Functorial Neural Architectures from Higher Inductive Types
arXiv:2603.16123v1 Announce Type: new Abstract: Neural networks systematically fail at compositional generalization -- producing correct outputs for novel combinations of known parts. We show that this failure is architectural: compositional generalization is equivalent to functoriality of the decoder, and this perspective yields both guarantees and impossibility results. We compile Higher Inductive Type (HIT) specifications into neural architectures via a monoidal functor from the path groupoid of a target space to a category of parametric maps: path constructors become generator networks, composition becomes structural concatenation, and 2-cells witnessing group relations become learned natural transformations. We prove that decoders assembled by structural concatenation of independently generated segments are strict monoidal functors (compositional by construction), while softmax self-attention is not functorial for any non-trivial compositional task. Both results are formalized in
arXiv:2603.16123v1 Announce Type: new Abstract: Neural networks systematically fail at compositional generalization -- producing correct outputs for novel combinations of known parts.

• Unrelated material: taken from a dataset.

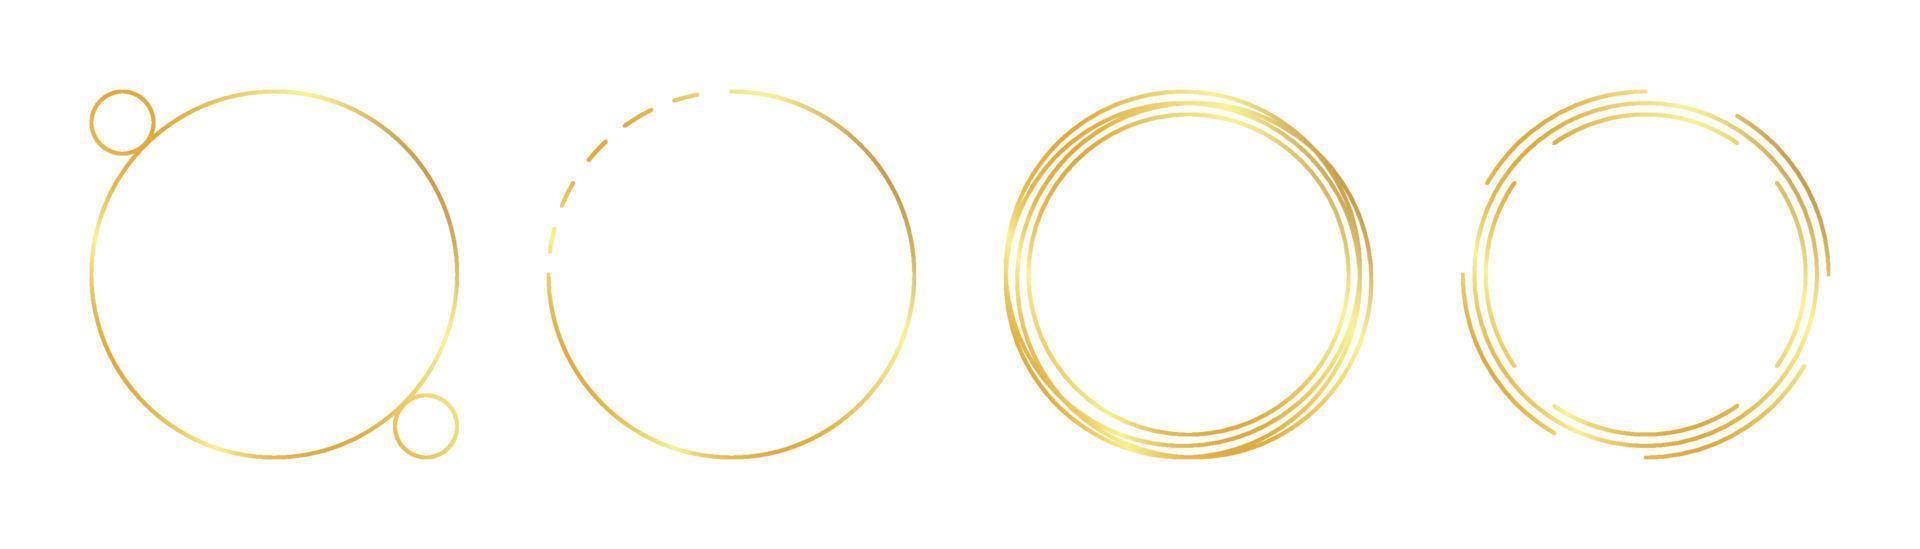 circle gold frame vector
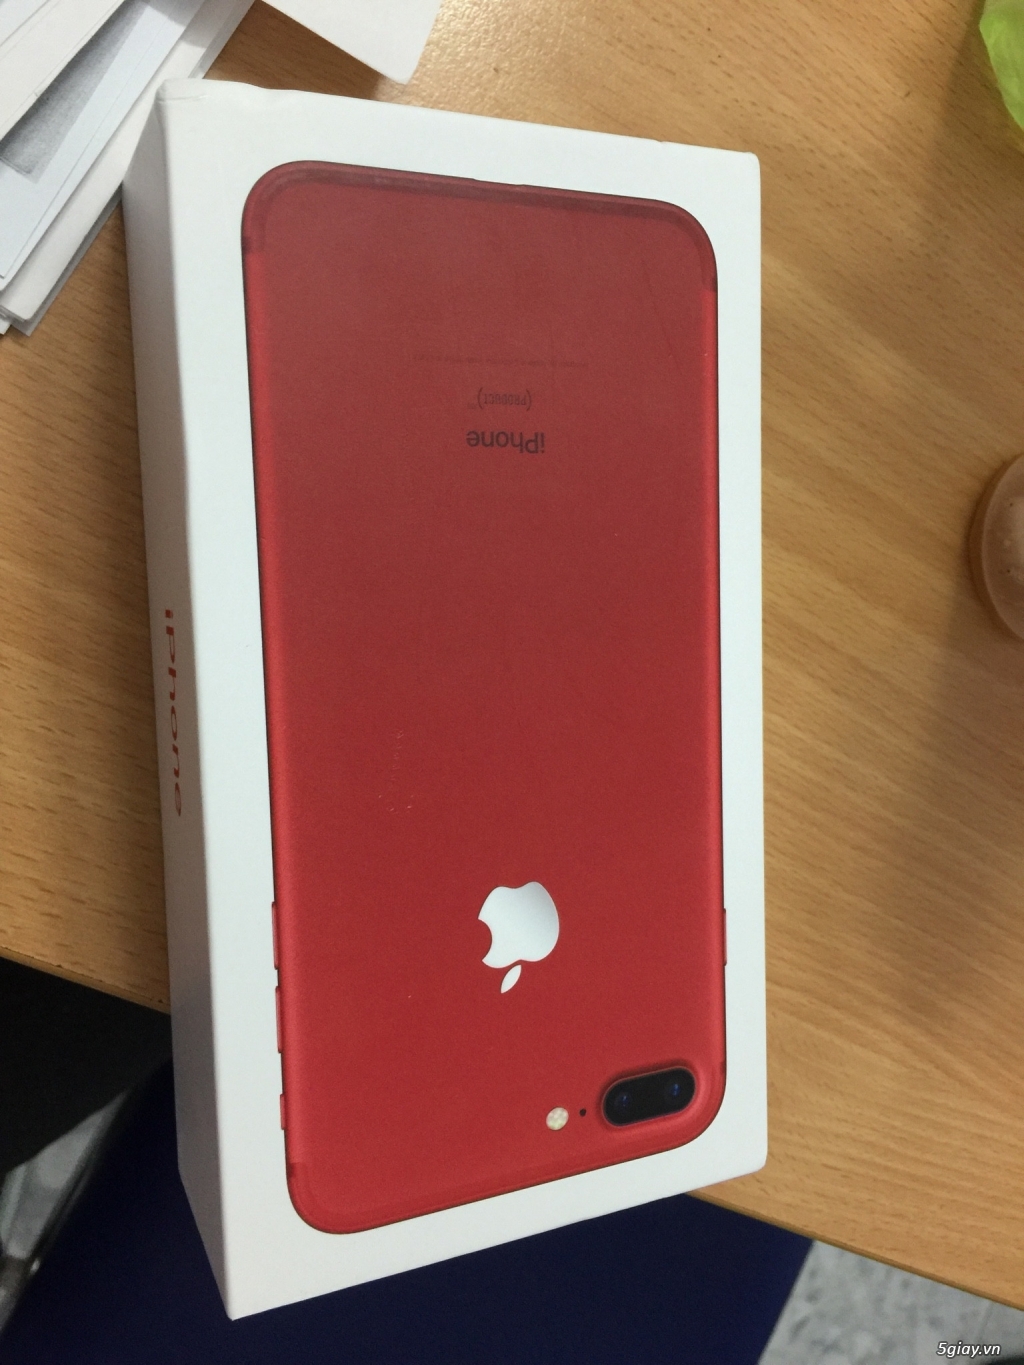 iPhone 7 Plus(RED) 256GB full box Hnam mobile. Chưa tháo seal, sim!

We show that this failure is architectural: compositional generalization is equivalent to functoriality of the decoder, and this perspective yields both guarantees and impossibility results. We compile Higher Inductive Type (HIT) specifications into neural architectures via a monoidal functor from the path groupoid of a target space to a category of parametric maps: path constructors become generator networks, composition becomes structural concatenation, and 2-cells witnessing group relations become learned natural transformations. We prove that decoders assembled by structural concatenation of independently generated segments are strict monoidal functors (compositional by construction), while softmax self-attention is not functorial for any non-trivial compositional task. Both results are formalized in Cubical Agda. Experiments on three spaces validate the full hierarchy: on the torus ($\mathbb{Z}^2$), functorial decoders outperform non-functorial ones by 2-2.7x; on $S^1 \vee S^1$ ($F_2$), the type-A/B gap widens to 5.5-10x; on the Klein bottle ($\mathbb{Z} \rtimes \mathbb{Z}$), a learned 2-cell closes a 46% error gap on words exercising the group relation.
Executive Summary
This article presents a novel approach to addressing compositional generalization in neural networks by leveraging Higher Inductive Type (HIT) specifications and functoriality. The authors demonstrate that compositional generalization is equivalent to functoriality of the decoder, and develop a monoidal functor to compile HIT specifications into neural architectures. Experiments on three spaces validate the effectiveness of functorial decoders, with significant performance improvements over non-functorial ones. The authors provide both theoretical guarantees and impossibility results, formally proven in Cubical Agda. This work has significant implications for the development of more robust and generalizable neural networks, and opens up new avenues for research in this area.
Key Points
- ▸ Compositional generalization is equivalent to functoriality of the decoder.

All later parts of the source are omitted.